The meals, which are prepared under the guidance of a nutritionist who specializes in HIV/AIDS, are frozen in individual portions and delivered to clients weekly.

==History==

In November 1989 a group of volunteers, recognizing the nutritional needs of people living with AIDS, began providing monthly meals at McLaren House, a group home for PWHAs. The event was named "Easter's Sundays" after Easter Armas-Mikulik, the woman who started the program.

Due to high demand, and to the need to support PWHAs who were homebound, Armas-Mikulik created the Vancouver Meals Society (VMS), which ultimately became
A Loving Spoonful.

Following a needs assessment and the creation of a long-term budget in 1990, as well as study of established meal delivery programs in other major cities like Seattle, Los Angeles and San Francisco, A Loving Spoonful began providing weekly delivery of meals in 1991.

==Budget and fundraising==

The charity's current operating budget is $630,000, which is raised via donations, bequests, fund-raisers, and government grants.
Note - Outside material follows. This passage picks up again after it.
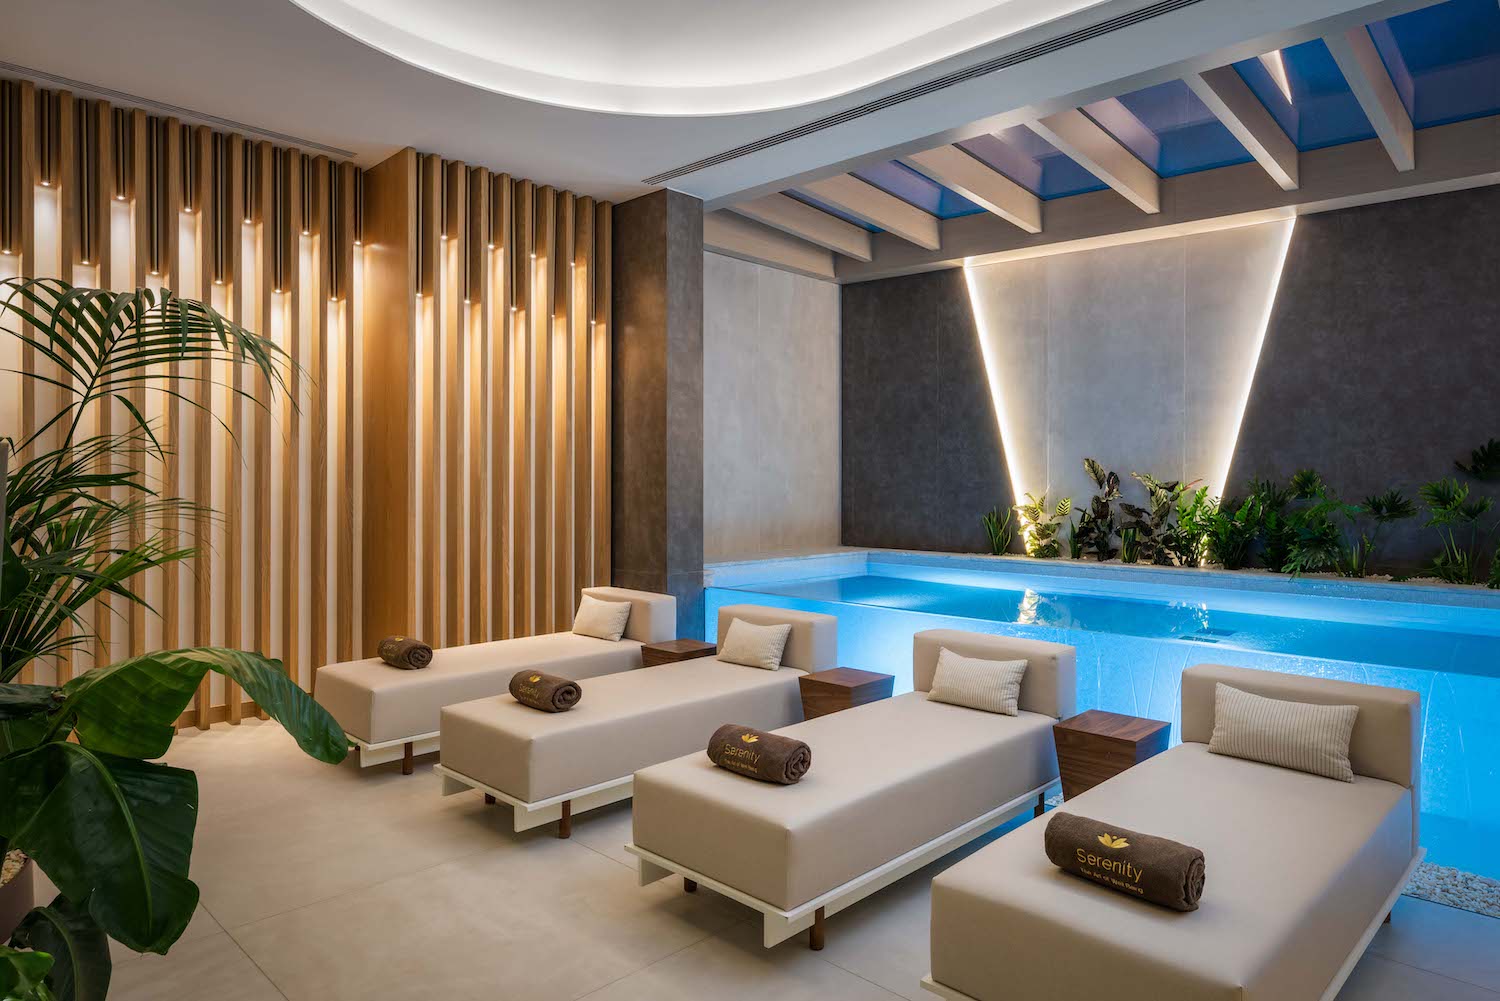 Indoor Pool at serenity spa hyatt regency lisbon

A minimum of eighty percent of the money received is used to cover program expenses.

Each year A Loving Spoonful and the Vancouver Friends for Life Society are the focus of an event called Dining Out For Life. Participating restaurants donate a portion of their proceeds on the day of the event, and diners are encouraged to make cash donations to volunteers, and are eligible for donated prizes.